▶ [EXERCISE OBJECTIVE]:
Return the full listing character for character, without its pictures.

-- SUPPLIED MATERIAL follows --

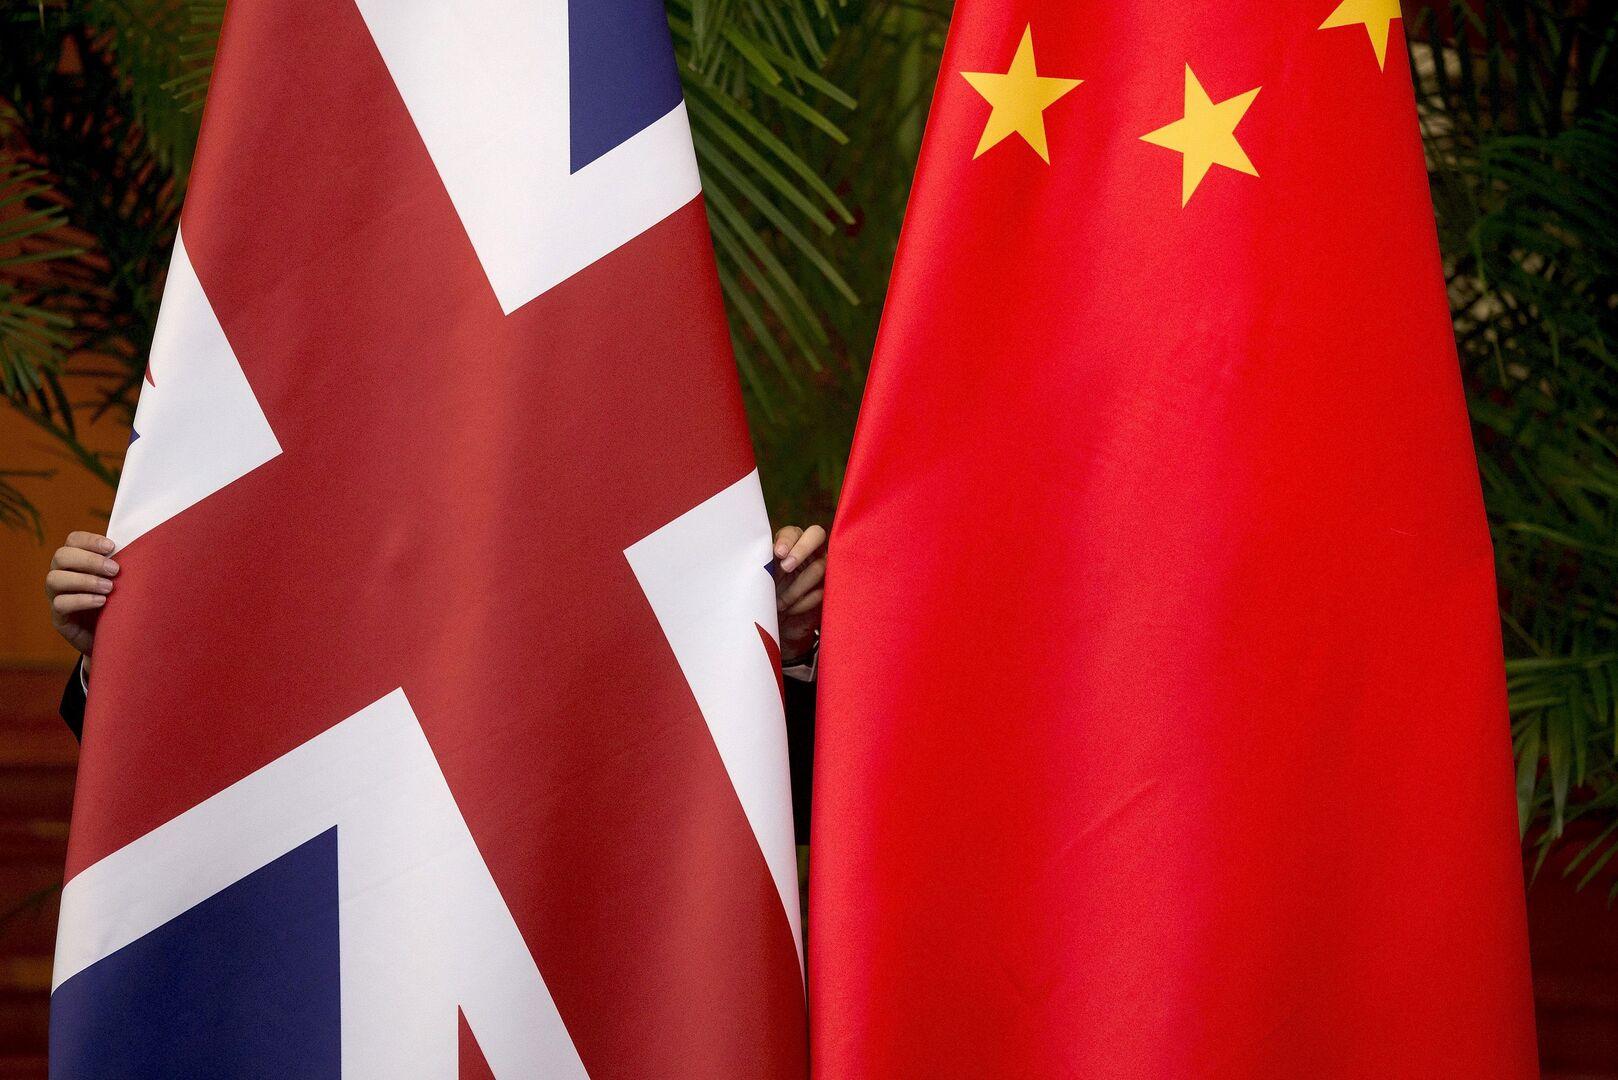 الصين تفرض عقوبات على بريطانيا بسبب
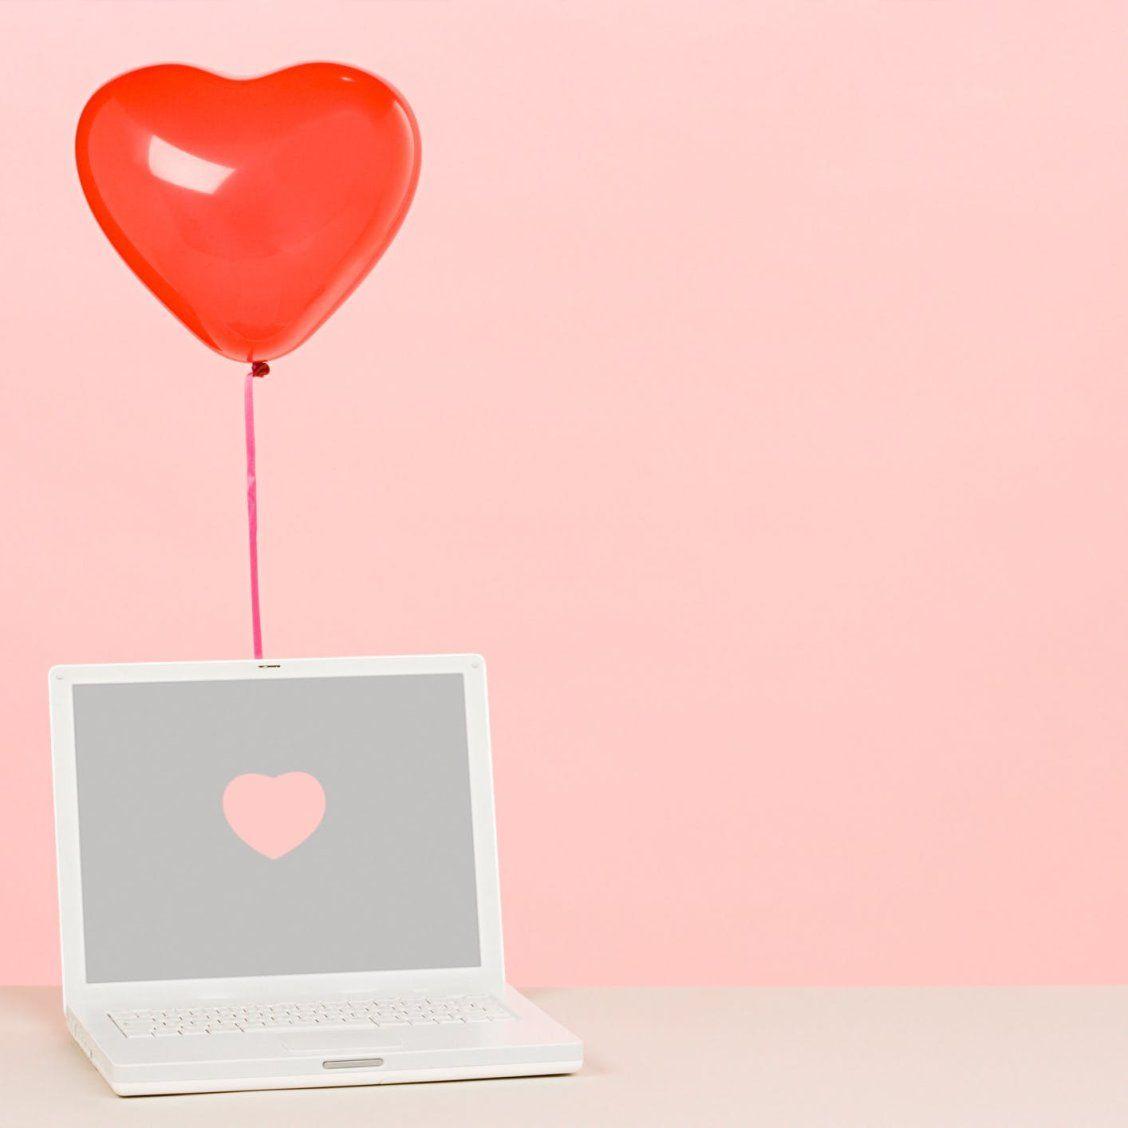 V dating website
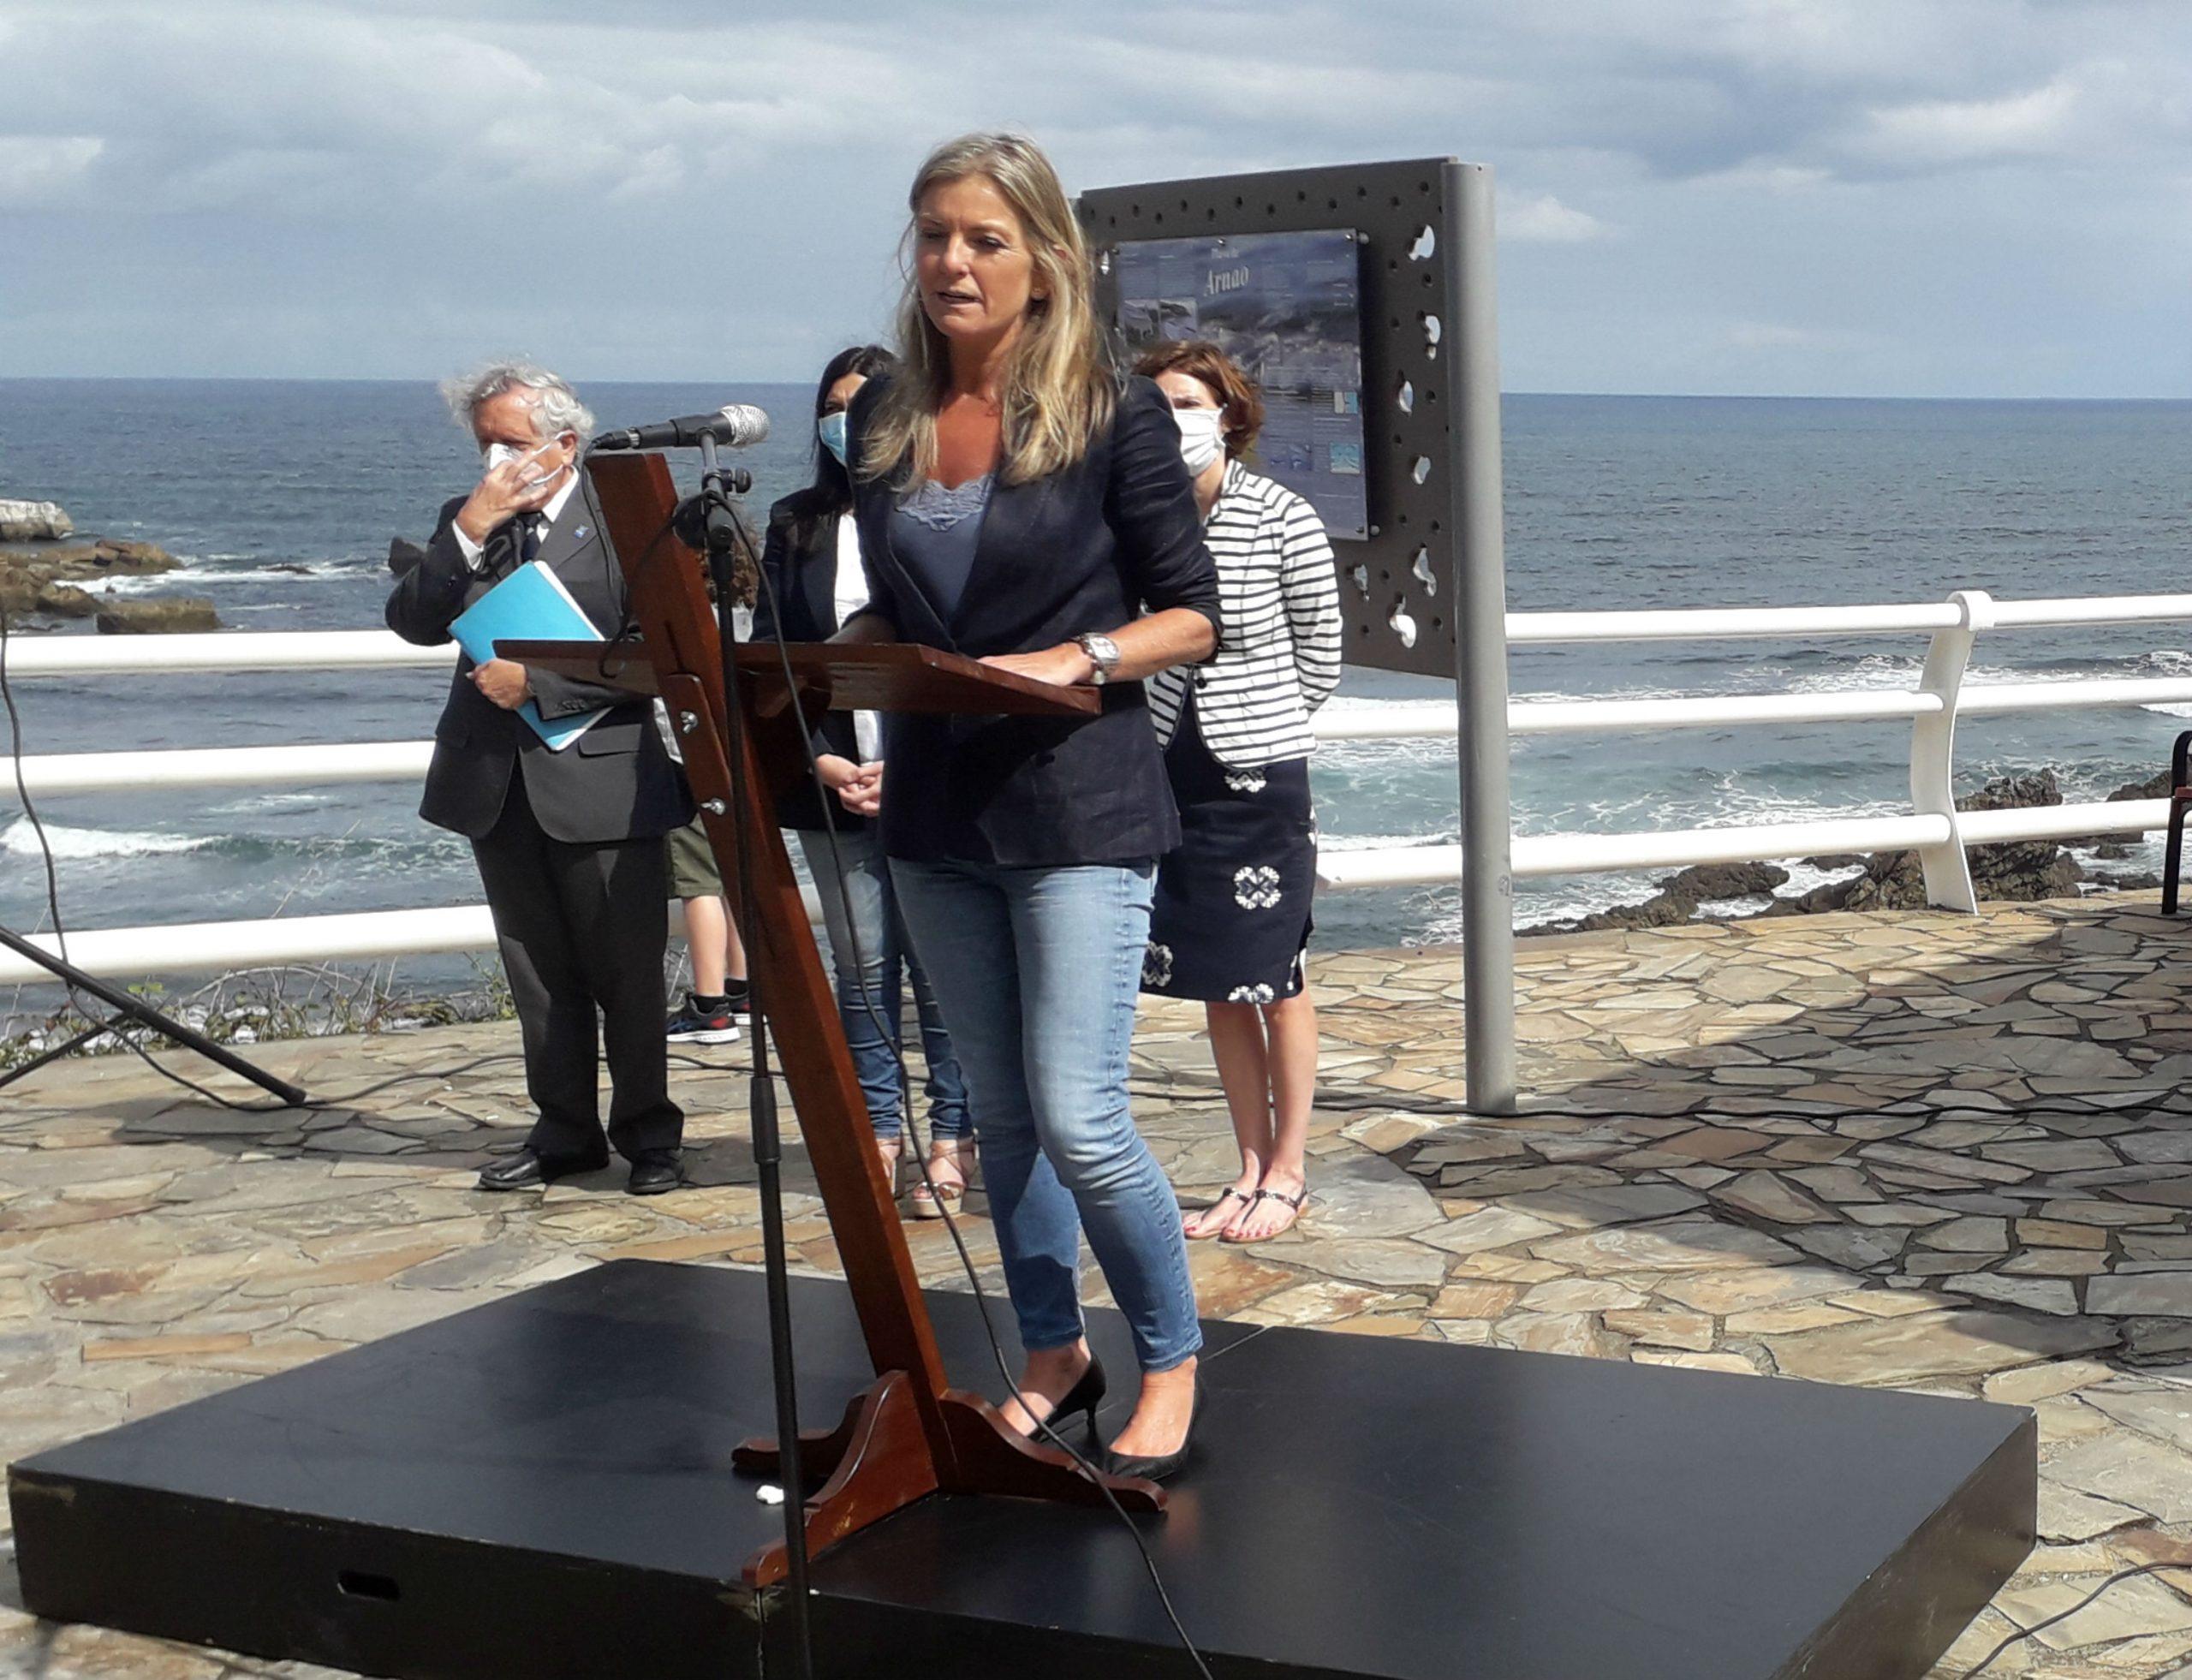 Campaña de sensibilización sobre el disfrute responsable de los arenales asturianos

-- SUPPLIED MATERIAL concluded --

▶ [EXERCISE SOLUTION]:
 الصين تفرض عقوبات على بريطانيا بسبب
 V dating website
 Campaña de sensibilización sobre el disfrute responsable de los arenales asturianos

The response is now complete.